Versátil portulacaria
Plantada en solitario en tiestos grandes y altos para mayor realce de sus tallos colgantes púrpuras y su abundante follaje verde jade. En el suelo del jardín, entremezclando sus constelaciones de hojas con las rosetas de los aloes. A ras del suelo en una rocalla. La Portulacaria afra es un arbusto suculento ornamental que se presta a varios usos. Y todo ello con una mínima demanda de agua y tierra.
Precisamente, porque vive bien con poca tierra y poca agua, la Portulacaria afra es una planta óptima para macetas. “La hemos utilizado mucho en azoteas en Tarudant, en el sur de Marruecos, al sol o a media sombra. Alcanza un gran tamaño: más de dos metros”, cuenta el paisajista Éric Ossart.
Plantada en altas macetas de barro cocido, para gran lucimiento de su particular estructura de ramas, con tallos erguidos y colgantes, y su copioso follaje verde claro, compone un atractivo punto focal en el jardín de Juan Masedo que enseñamos en la foto de arriba. “La suelo usar en maceta justamente por su baja necesidad de riego”, explica el paisajista. “En invierno no lo necesita y en verano cada 15 días para evitar su deshidratación”.
La gran resistencia a la sequía de este arbusto suculento es fruto de su adaptación a su hábitat nativo: las zonas áridas de la región del Cabo y Swazilandia en el sur de África. Por eso mismo no tolera las heladas, un aspecto que se soluciona cultivándola en tiestos que se puedan llevar a un sitio protegido.
La portulacaria en los jardines
Pocas suculentas tienen hojas tan pequeñas: de apenas 1,5-2 cm de diámetro. Son redondeadas y planas, parecidas a las de la Crassula ovata, con la que se la suele confundir.
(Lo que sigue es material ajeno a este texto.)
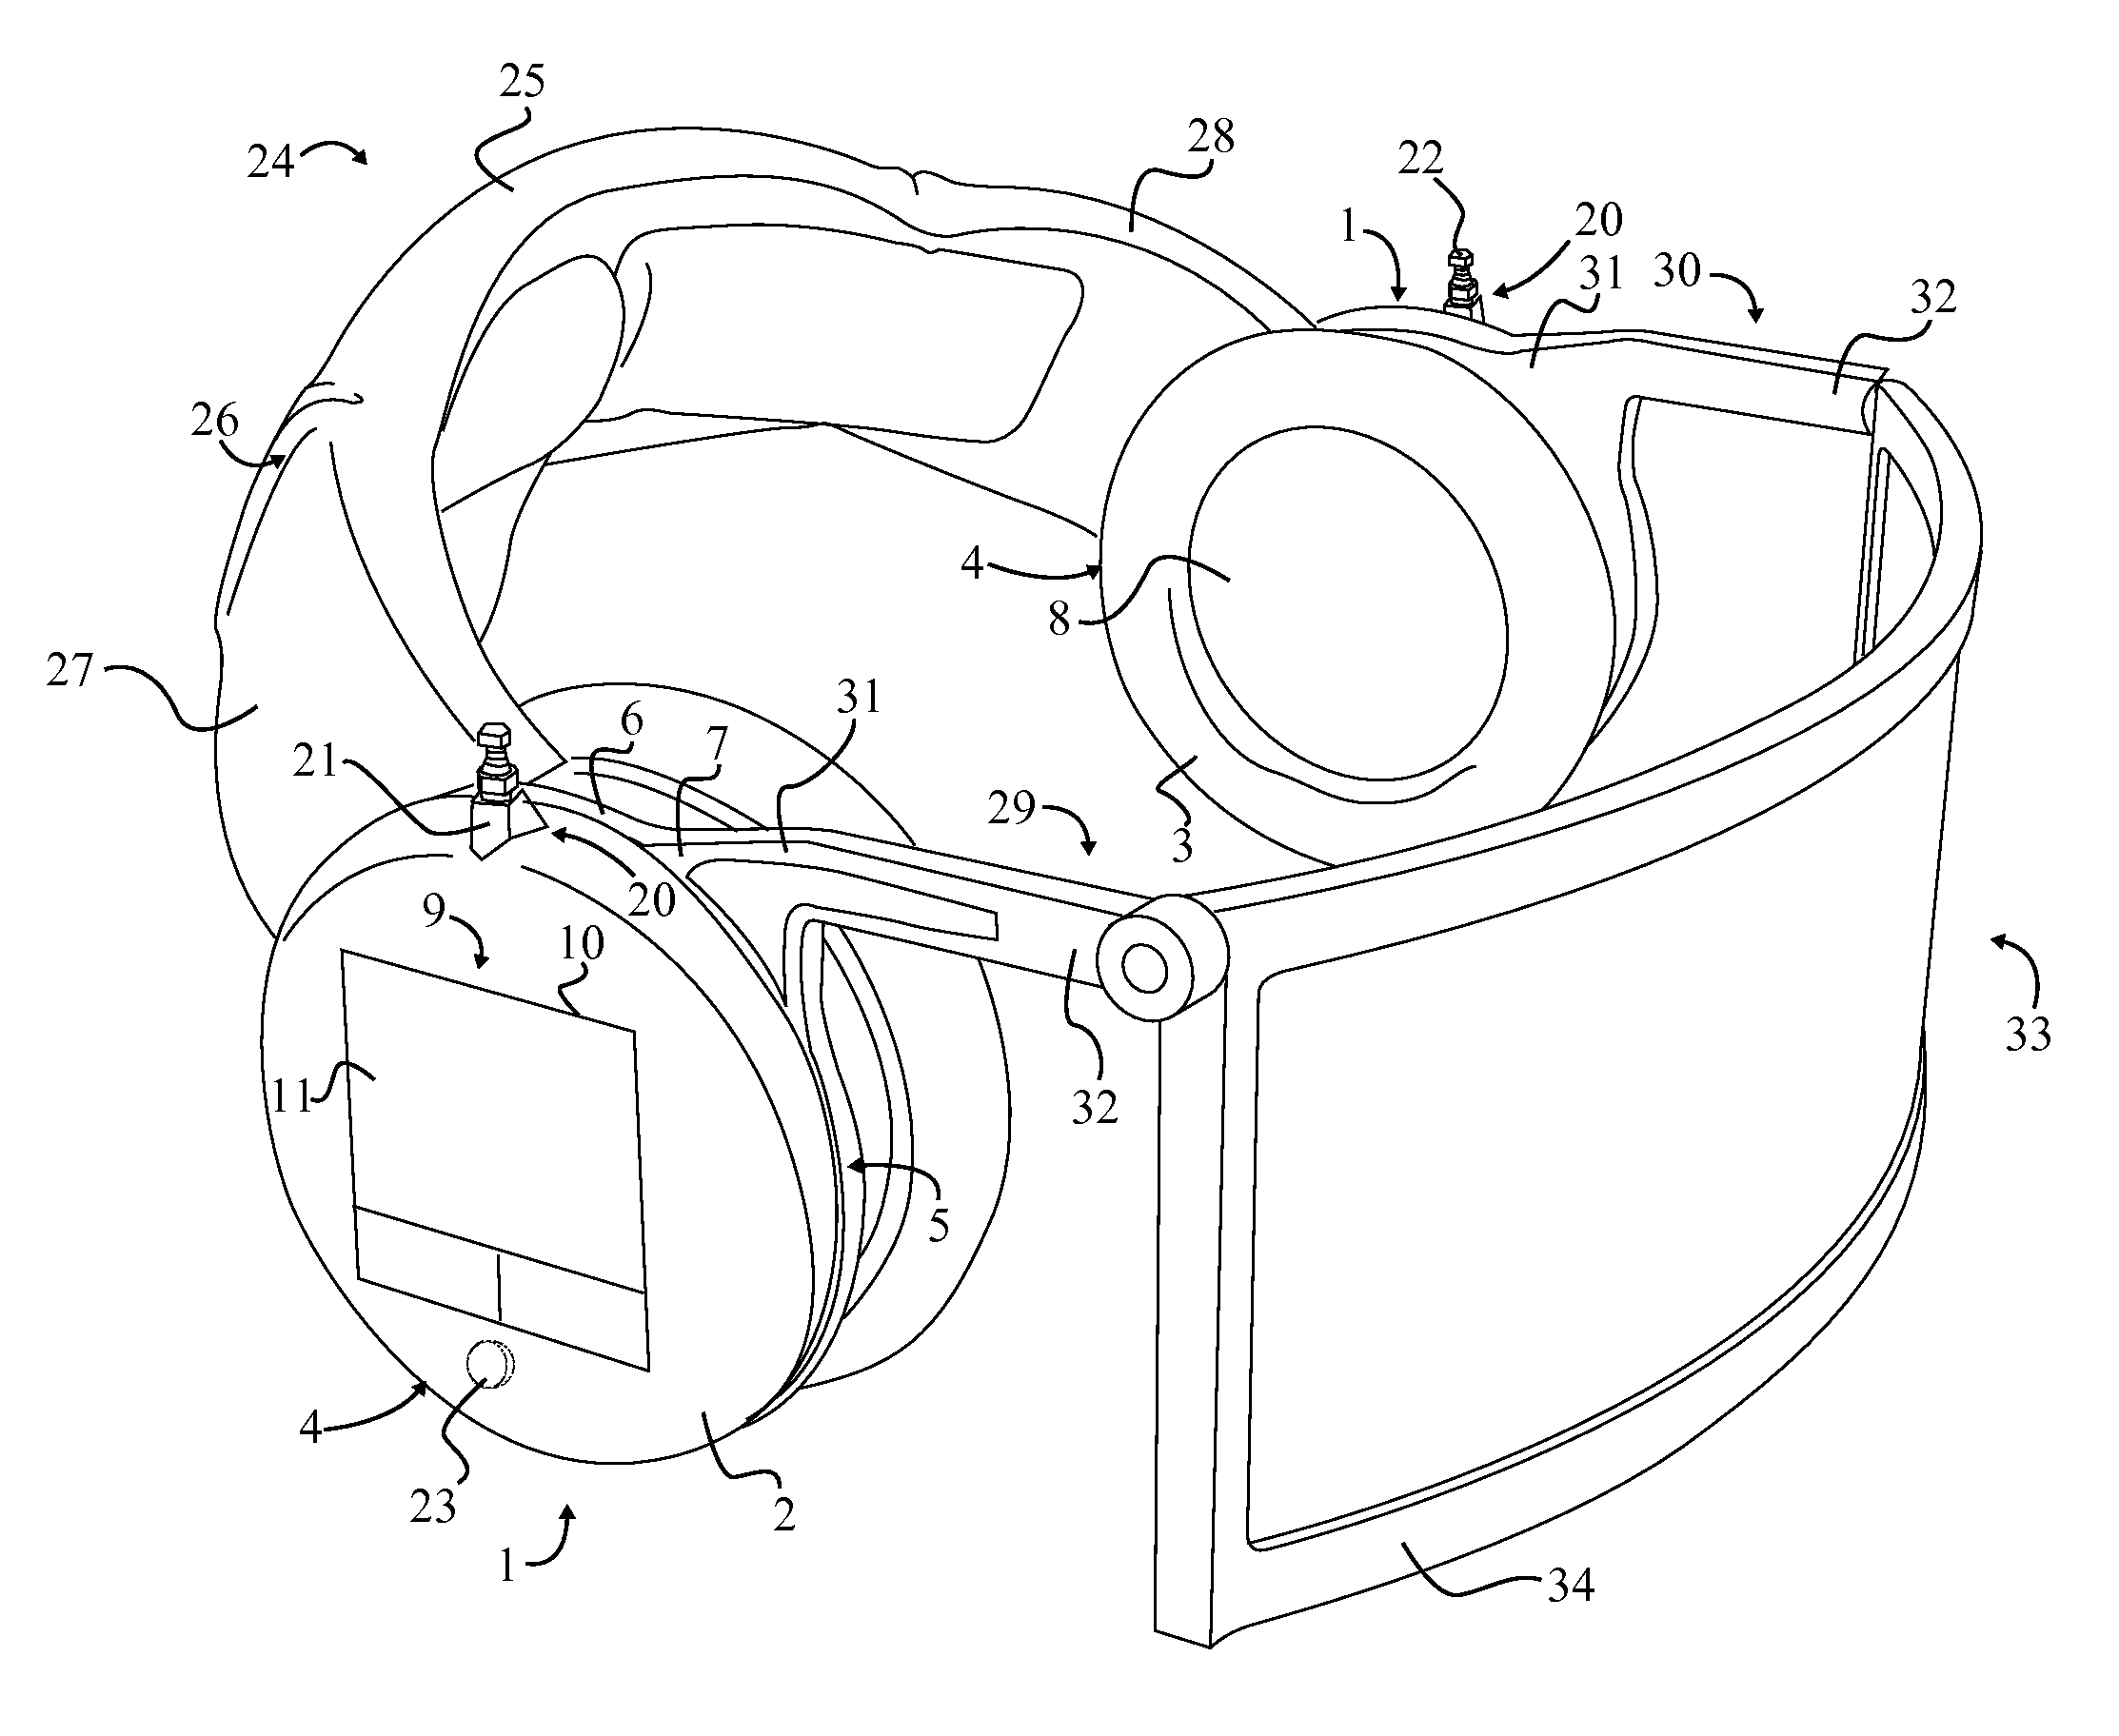 Headset with adjustable display and integrated computing system

Ambas comparten nombre común: árbol de jade, por el color del follaje, la textura satinada y la forma de arbolito que pueden desarrollar.
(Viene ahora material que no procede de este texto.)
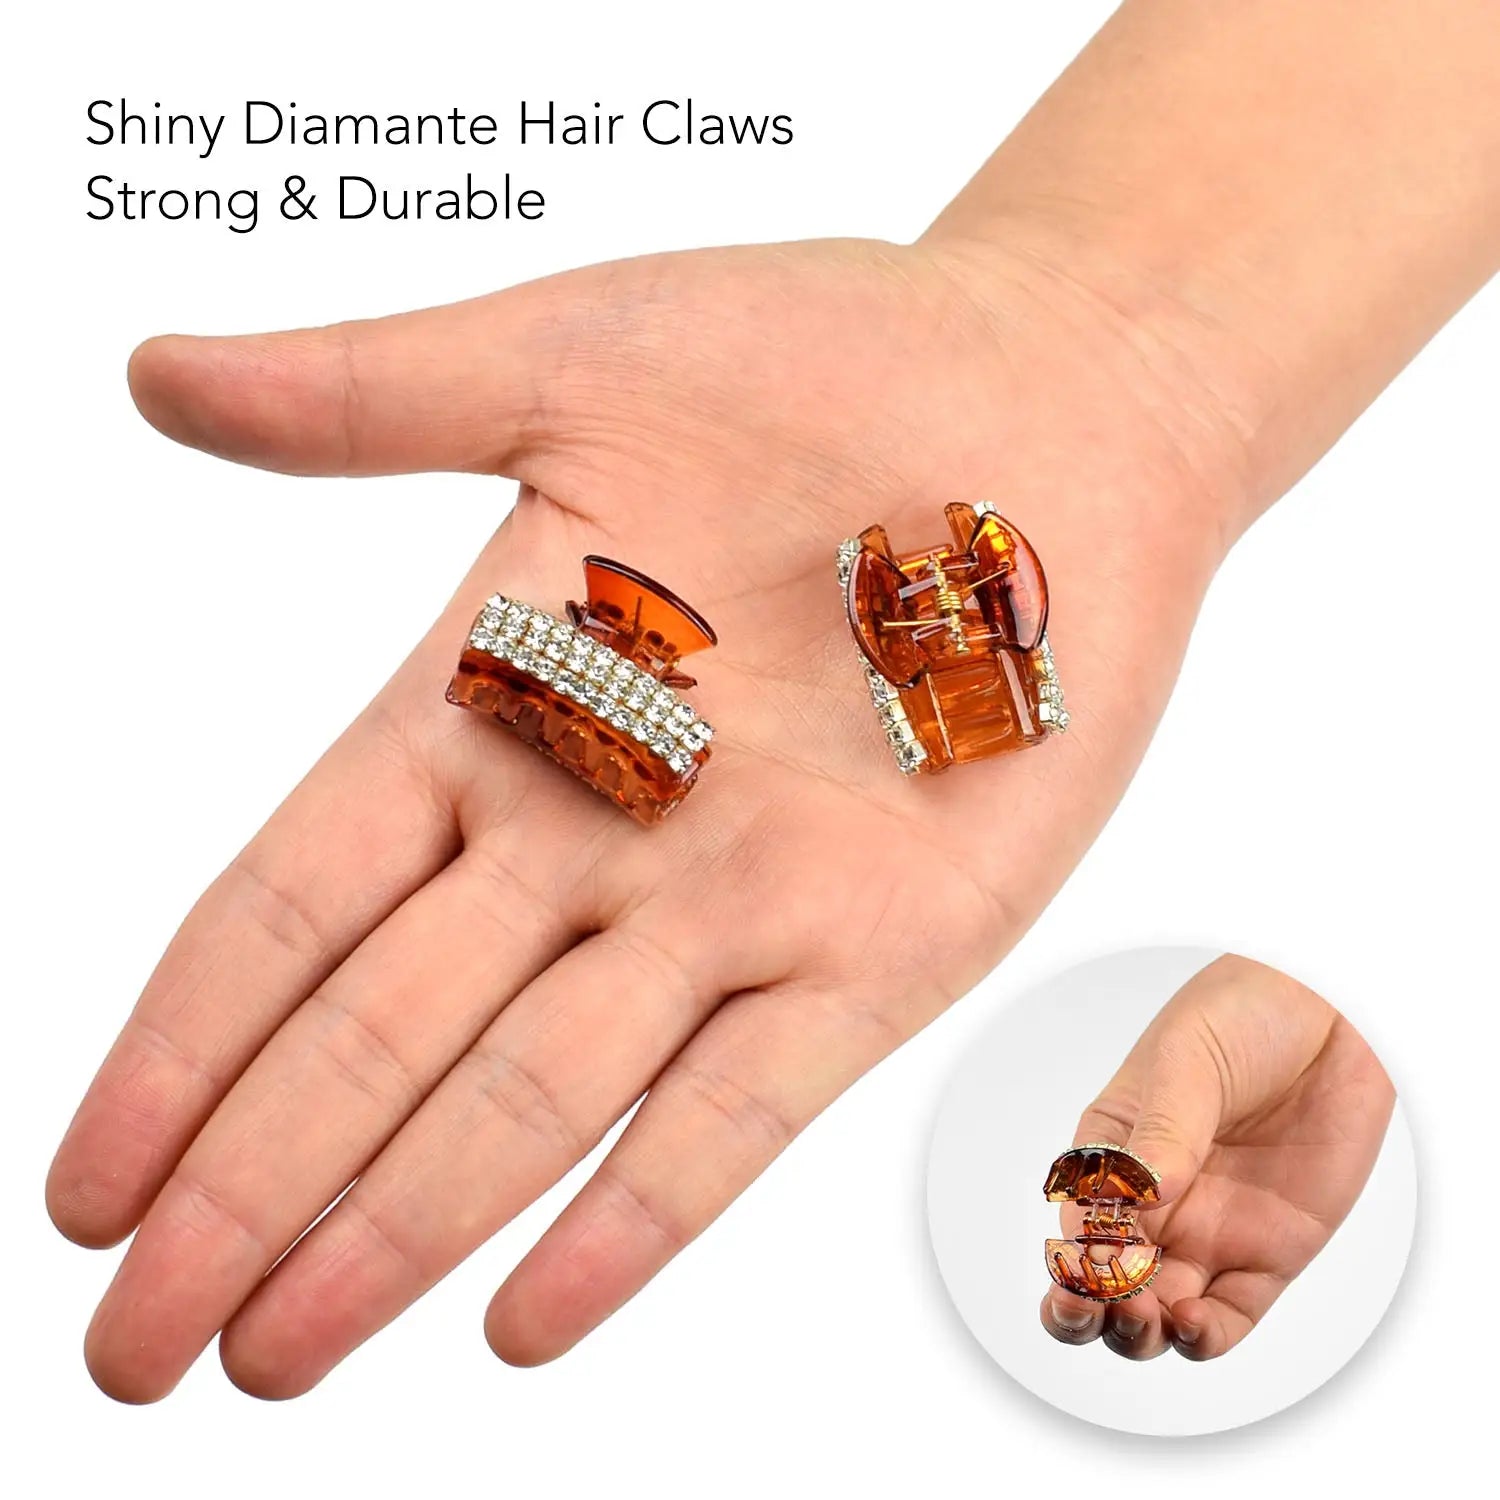 Two rectangle hair claw rings held in hand, Diamante Embellished Accessory

Ese follaje perenne verde claro, que contrasta vivamente con el tono burdeos de los tallos nuevos, y la forma irregular de las plantas ponen una nota diferencial en los parterres de suculentas, en contraposición a las rosetas de los aloes, las palmas azuladas del palmito (Chamaerops humilis) o las matas lacias del Hesperaloe parviflora. “Han de situarse con plantas que necesiten poca agua, en un lugar poco ventoso”, aconseja Juan Masedo. Éric Ossart recomienda aportarle compost: “No vive de la nada, el abono la ayuda”.